Frensic shrugged. 'Hardly,' he said. 'Your name is not upon the title page. Until it is no one will ever know.'
'No one must ever know.'
'But I intend to tell them,' said Frensic. 'It will make fascinating reading. The anonymous author, Lloyds Bank, the Typing Service, Mr Cadwalladine, Corkadales, your American publisher...'
'You mustn't,' she whimpered, 'no one must ever know. I tell you I forbid it.'
'It's no longer in your hands,' said Frensic, 'it's in mine and I will not sully them with your hypocrisy. Besides I have another client.'
'Another client?'
'The scapegoat Piper who went to America for you. He has a reputation too, you know.'
Dr Louth sniggered. 'Like yours, immaculate I suppose.'
'In conception, yes,' said Frensic.
'But which he was prepared to put in jeopardy for money.'
'If you like. He wanted to write and he needed the money. You, I take it, don't. You mentioned lucre, filthy lucre. I am prepared to bargain.'
'Blackmail,' snapped Dr Louth and stubbed out her cigarette.
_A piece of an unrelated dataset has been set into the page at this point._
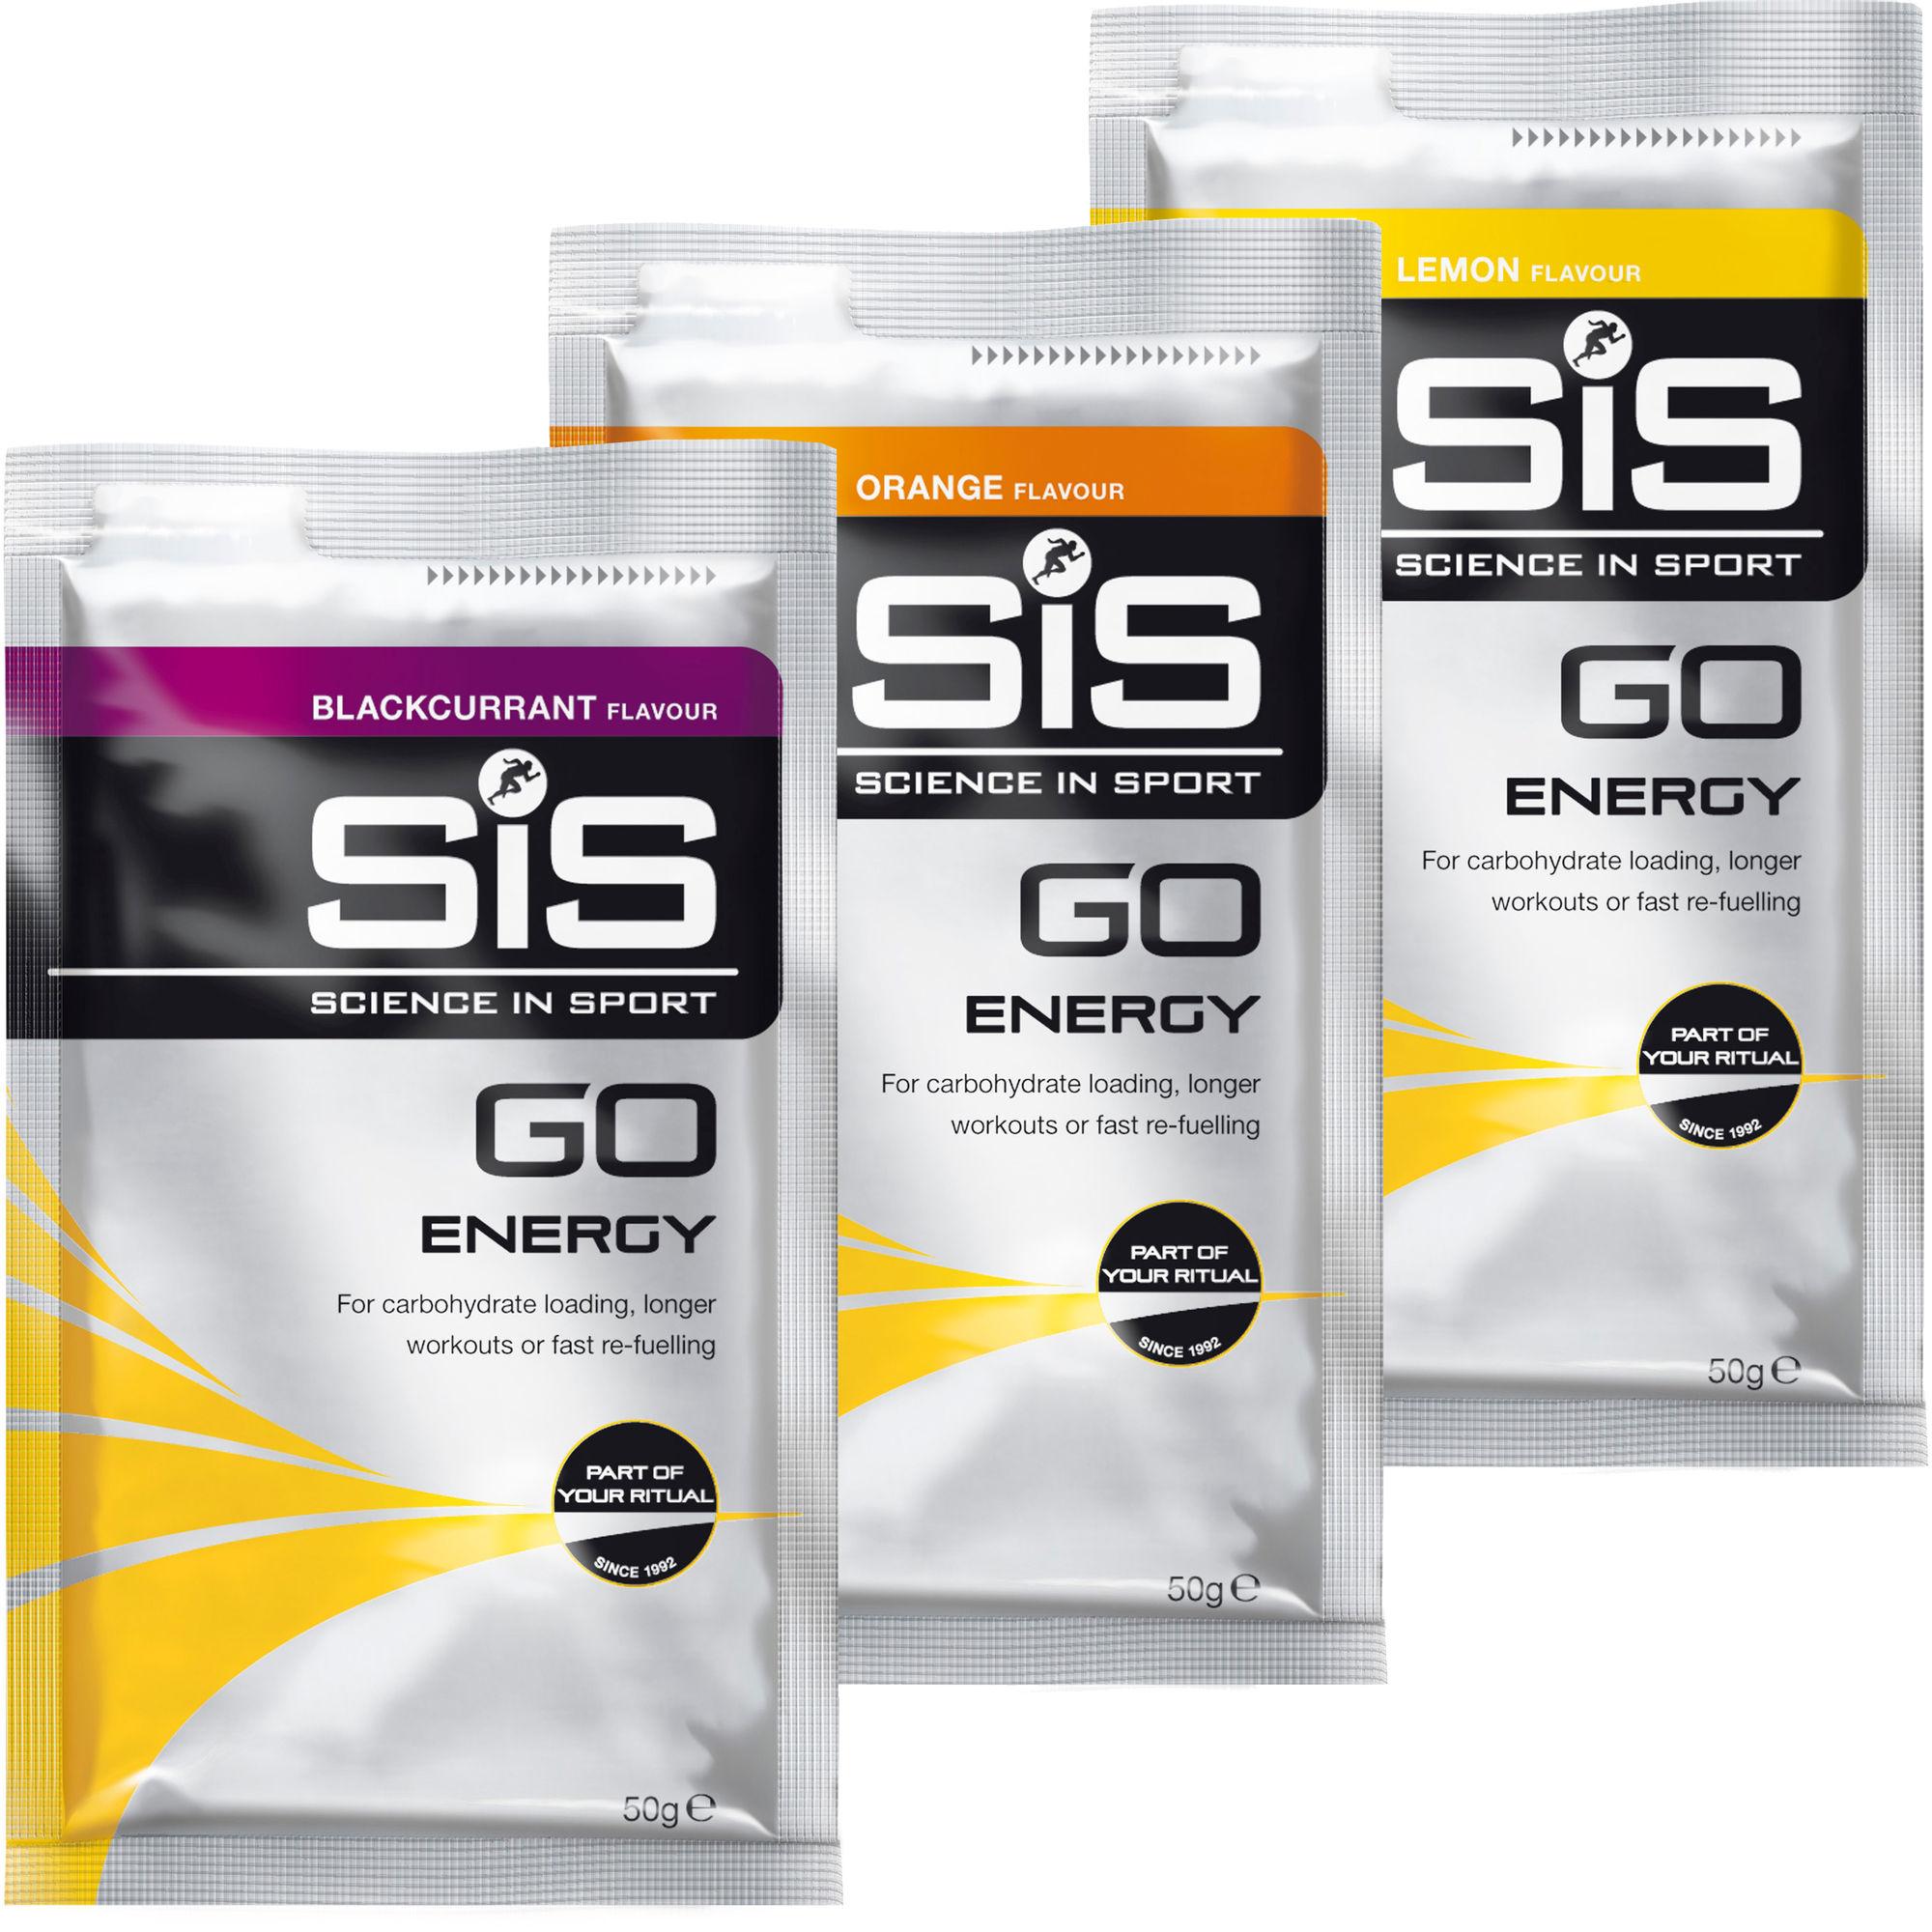 Аксессуары для бега Science in sport  SIS Energy

Frensic looked at her with a new disgust. 'For a moral coward who hides behind a nom de plume your language is imprecise. Had you come to me in the first place I would not have engaged Piper but since you chose anonymity at the expense of honesty I am now in the position of having to choose between two authors.'
'Two? Why two?'
'Because Piper claims he wrote the book.'
'Let him claim. He accepted the onus, let him bear it.'
'He also claims the money.'
Dr Louth glared at the smouldering fire. 'He has been paid,' she said finally. 'What more does he want?'
'Everything,' said Frensic.
'And you're prepared to let him have it?'
'Yes,' said Frensic. 'My reputation is at stake too. If there's a scandal I will suffer.'
'A scandal,' Dr Louth shook her head. 'There must be no scandal.'
'But there will be,' said Frensic. 'You see, Piper is dead.'
Dr Louth shivered suddenly. 'Dead? But you said just now...'
'There is the estate to be wound up. It will go to court and with two million dollars...Need I say more?'
Dr Louth shook her head. 'What do you want me to do?' she asked.
Frensic relaxed. The crisis was over. He had broken the bitch. 'Write a letter to me denying that you ever wrote the book. Now.'
'Will that suffice?'
'To begin with,' said Frensic. Dr Louth got up and crossed to her desk. For a minute or two she sat there writing. When she had finished she handed Frensic the letter. He read it through and was satisfied.
'And now the manuscript,' he said, 'the original manuscript in your own handwriting and any copies you may have made.'
'No,' she said, 'I will destroy it.'
'We will destroy it,' said Frensic, 'before I leave.'
Dr Louth turned back to the desk and unlocked a drawer and took out a box. She crossed to her chair by the fire and sat down. Then she opened the box and took the pages out. Frensic glanced at the top one. It began 'The house stood on a knoll. Surrounded by three elms, a beech and a deodar whose horizontal branches...' He was looking at the original of Pause. A moment later the page was on the fire and blazing up into the chimney. Frensic sat and watched as one by one the pages flared up, crinkled to black so that the words upon them stood out like white lace, broke and caught in the draught and were swept up the chimney. And as they blazed Frensic seemed to catch out of the corner of his eye the gleam of tears in the runnels of Dr Louth's cheeks. For a moment he faltered. The woman was cremating her own work. Trash she had called it and yet she was crying over it now. He would never understand writers and the contradictory impulses that were the source of their invention.
As the last page disappeared he got up. She was still huddled over the grate. For a second time Frensic was tempted to ask her why she had written the book. To prove her critics wrong. That wasn't the answer. There was more to it than that, the sex, the ardent love affair...He would never learn from her. He left the room quietly and went down the passage to the front door. Outside the air was filled with small black flakes falling from the chimney and near the gate a young cat jumped up clawing at a fragment which danced in the breeze.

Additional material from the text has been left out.